What are the Four Major Types of Data Collection for Forensic Analysis?

When a digital forensics team begins to work, they must decide how to collect the data to support their investigation. Many of the tools like Cyber Triage or Autopsy can work with a number of formats so the investigators must look for the approach that best supports their challenges.

At the highest level, the decision is between choosing a fast and efficient method that may not capture all material or spending the time and effort to create a complete record by capturing all information, including much that may never be needed. It’s a trade-off between speed and thoroughness.

In some cases, investigators may know from the beginning where they will focus their efforts. A ransomware attack, for instance, leaves particular virtual footprints in well-understood parts of the data storage. For example, an employee hiding illicit information may use any part of the disk system.

Hashes only

One of the simplest techniques is to calculate a single value for each file with a one-way hash function or a checksum. These functions are very efficient because they reduce any file to a short number that may be 32, 64 or 256 bits long. Some of the most common hash functions are SHA-256, MD5 or CRC-64.

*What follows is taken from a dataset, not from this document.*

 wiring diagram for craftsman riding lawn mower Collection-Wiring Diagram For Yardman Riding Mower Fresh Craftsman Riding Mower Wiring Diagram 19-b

The forensic investigator analyzes these values by looking for matches, either inside the file system, or by comparing them to databases that track the hash functions of known malware or illicit content. Looking up the values for the files discovered in an investigation is a fast way to see if there is any connection to the well-known historical record.

While tracking on the hashes can be dramatically more efficient, it can often make mistakes or fail to identify some new threats or illicit data. The values from hash functions can only be compared to old values so it can only make connections to previous investigations. If a new virus appears or there are new versions of illicit material, the search will miss them. To make matters worse, hash functions are designed to be extremely sensitive so a small change in the file can change many of the output bits. It’s not possible to get two hash functions that are close to each other and conclude anything about the files.

Full disk image

The opposite of collecting only the hash functions is the full disk image built from making a copy of the entire storage volume. The approach is often used when investigators aren’t sure of the focus of their investigation, and they want to preserve all data in case any bit may be valuable.

The approach is often expensive and time-consuming because making complete copies requires an entirely separate disk that is larger than the original. While this may not be much of an issue with smaller devices like smartphones, it can be prohibitive with larger workstations or enterprise servers.

Full disk images do have some limitations. Some malware is identified by capturing the image of processes running in memory. It may be encrypted on the disk or it may never even reside there, entering from the network. Full disk images focus on the data storage and they will miss other opportunities.

Full file/artifact collection

A cousin of disk imaging is often called the “full file” solution. This will make complete copies of entire sections of the storage system but it won’t necessarily capture all of the different sections. It may ignore less important areas like old text documents or out-of-date system software.

The solution has many of the same benefits and limitations as a complete disk image. It can be more expensive in time and materials because so much data is captured from particular regions, but there is some savings by ignoring sectors less likely to be valuable. If the investigators come to need a particular file later in the investigation, if was stored in the right area it will be found in the full file collection.

The process of limiting the collection to broad areas can be tricky for investigators if there’s not much guidance available at the start. Eliminating some areas from the collection can be very efficient – unless crucial information happens to be found in those areas.

Hybrid / Smart

Some investigators prefer to use some of the most modern tools to create hybrid images that focus on the most likely places to find evidence. These use a set filter functions that may mix together hard rules with adaptive technologies like machine learning to identify the most likely files to be useful to an investigation.

When the filter identifies potential evidence, it will make copies of those files. Some will also make copies of nearby files that may be in the same directory.

What are the Key Takeaways for the C-Suite?

A digital forensics and incident response team (DFIR) can adjust how much data is gathered for investigation. Managers should know:

  • There’s a direct trade-off in the amount of information that’s gathered and the cost in time, storage and analysis.
  • Many files are unlikely to be useful and so an efficient DFIR team can often safely ignore them.
  • It’s impossible, though, to guarantee that a file won’t be useful to some investigator or analysis later.
  • Creating rules and filter functions for determining the most useful files is based upon past investigations. This knowledge is often quite useful, but it may not include new attacks or forms of abuse.